Florida Law Prohibits Borrower Claims Without a Written Agreement

– Florida’s Banking Statutes of Frauds was enacted to prevent borrowers from pursuing tort claims based on oral promises or understandings not contained in written loan documents.
– The statute requires loan agreements to be in writing and signed by both parties in order for a borrower to sue a lender on certain claims.
– Claims that are based on alleged oral representations not contained in a written credit agreement fail as a matter of law under the statute. 1. The Banking Statutes of Frauds is designed to prevent unfounded fraudulent claims by requiring credit agreements to be evidenced in writing.
2. The purpose of the statute is to prevent perjuries and intercept actions based on loose verbal statements or innuendoes.
3. It prevents lenders from being ensnared in claimed oral promises made during negotiations not resulting in written credit agreements.
4. The statute is strictly construed to prevent the fraud it was designed to correct and is reluctant to take cases from its protection by Florida courts.

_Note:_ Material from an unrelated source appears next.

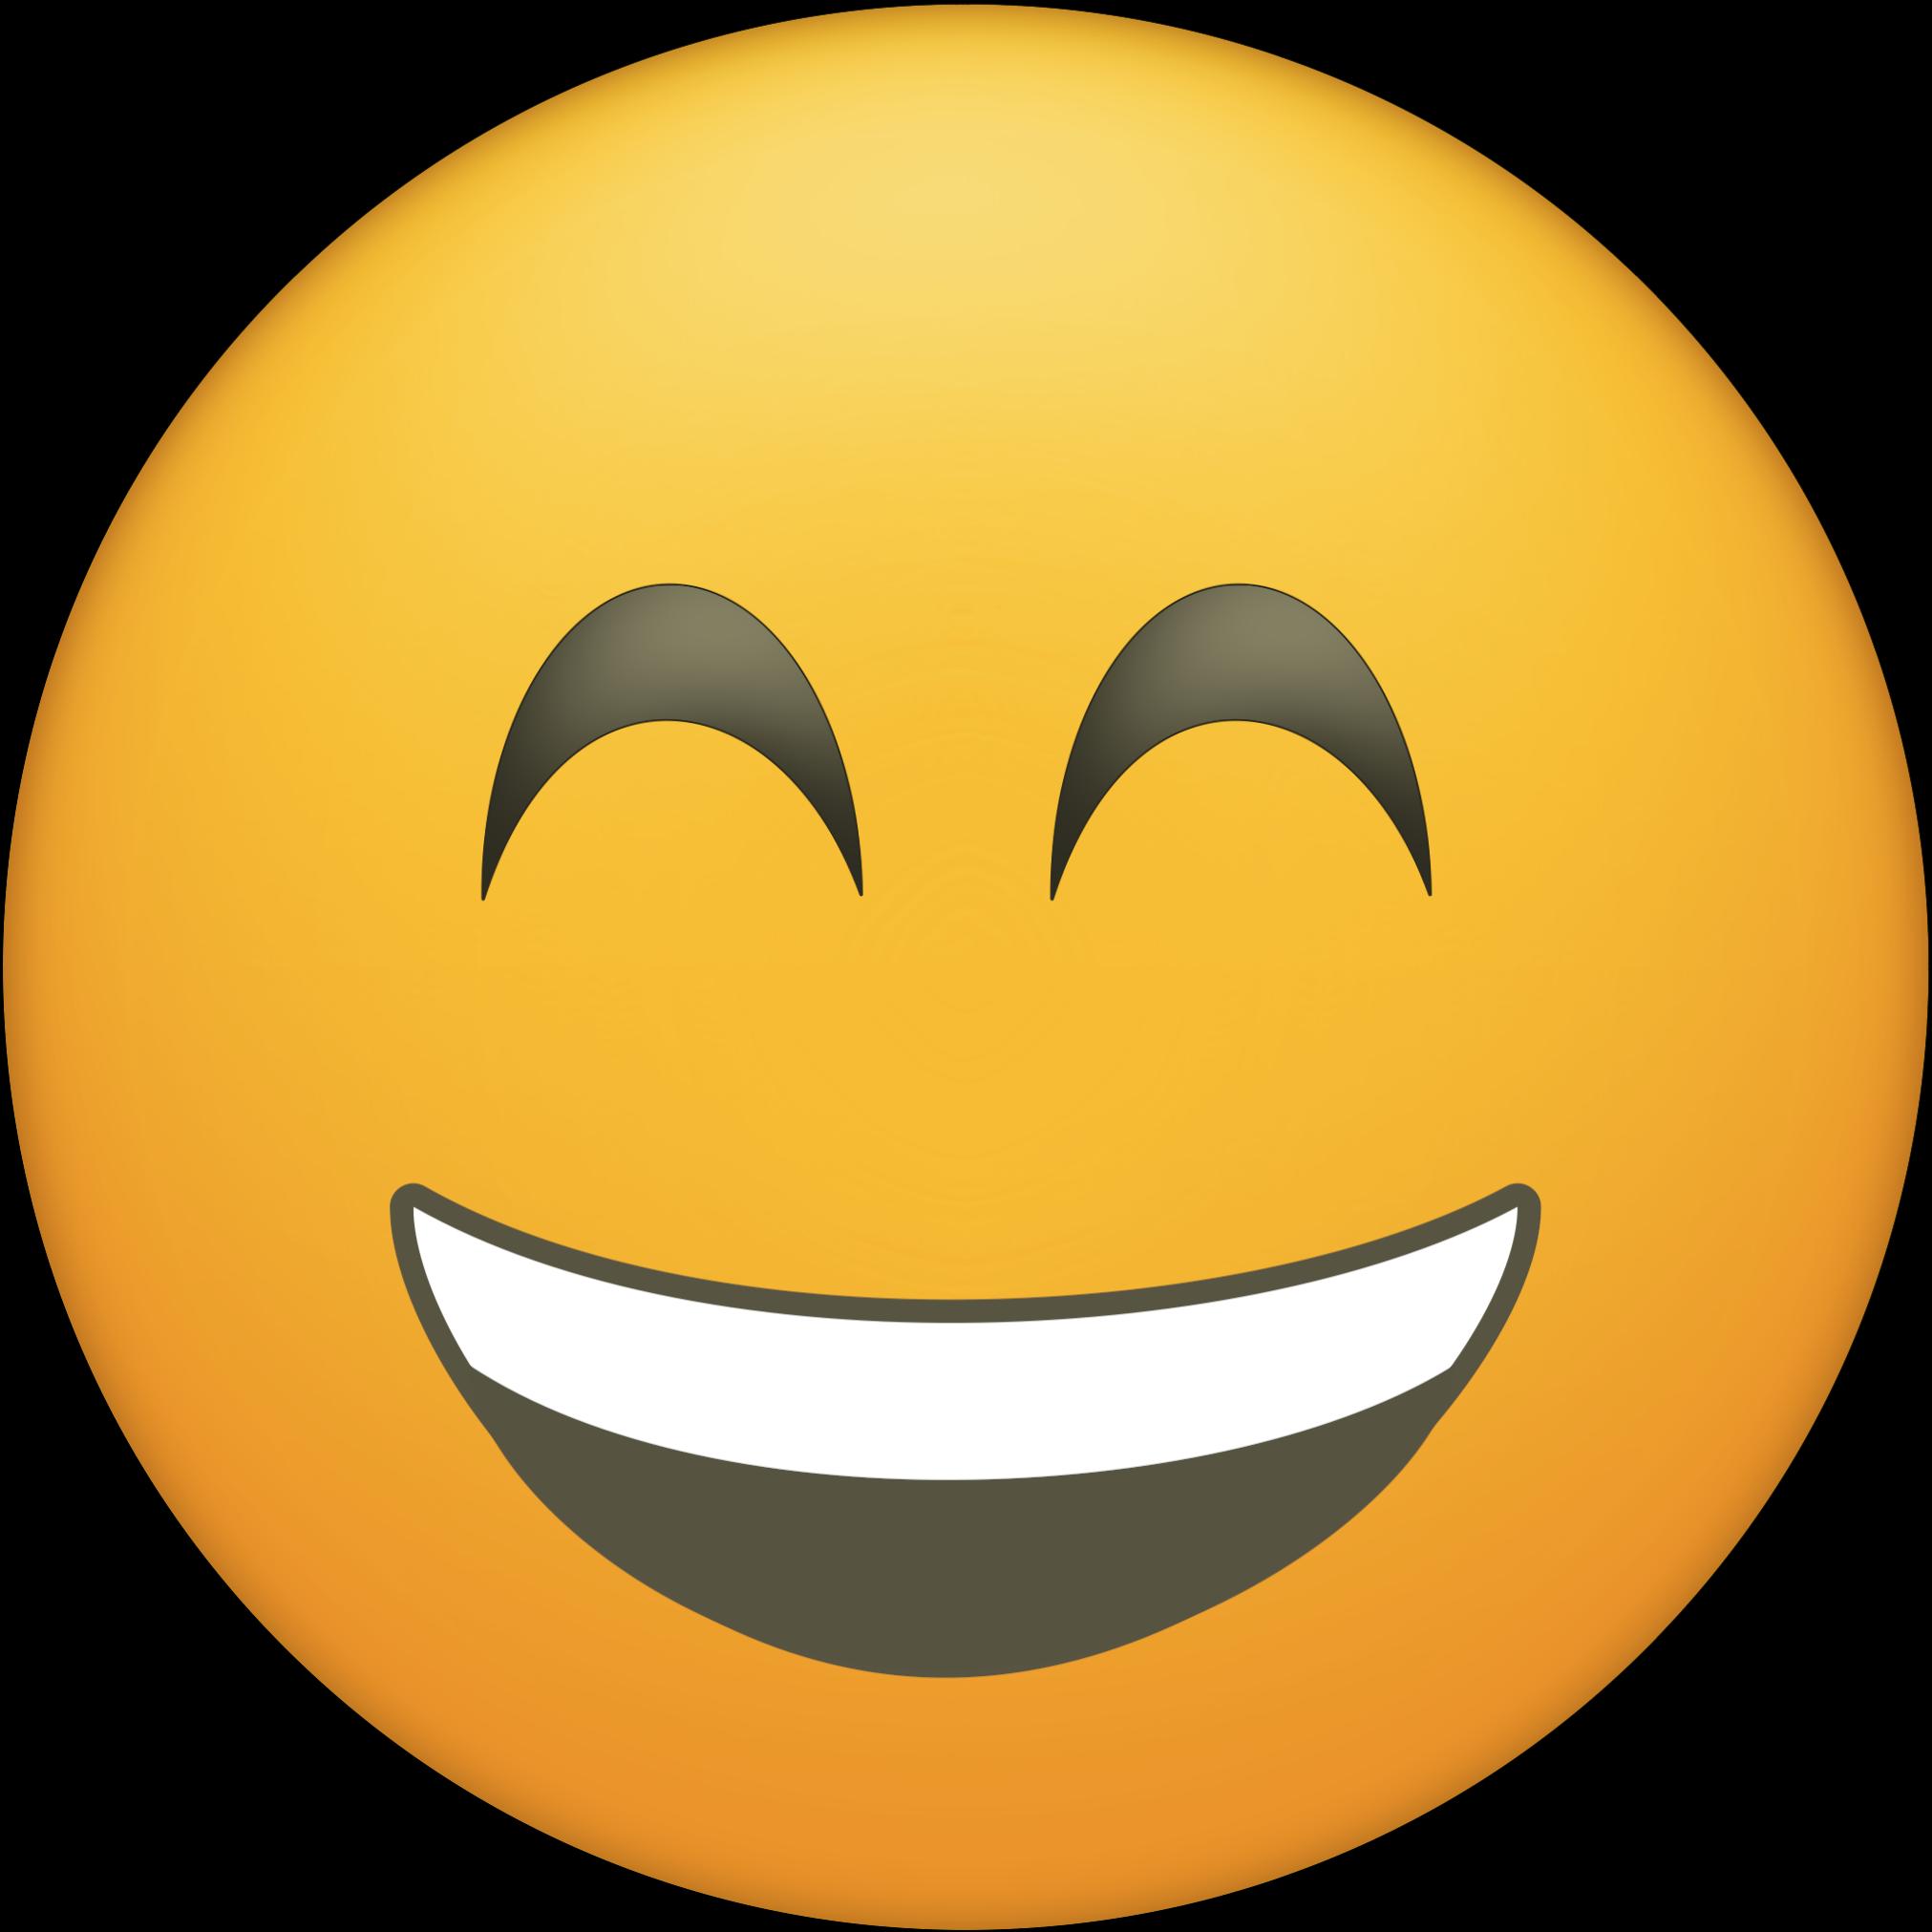 Thank you emoji clipart banner freeuse library Blushing Happy Face Emoji Printable - Printable Emojis ... banner freeuse library

5. Credit agreements not in writing or not evidenced by a signed note or memorandum are voidable and unenforceable, but not void.
6. The statute benefits borrowers by requiring credit agreements to be in writing and preserving the negotiations and terms of the transaction.
7. The statute serves its purpose of restricting a borrower’s ability to sue creditors by preventing borrowers from using oral misrepresentations or equitable claims offensively.
8. Florida courts have preserved the ability to assert such theories as affirmative defenses to lender claims of loan default.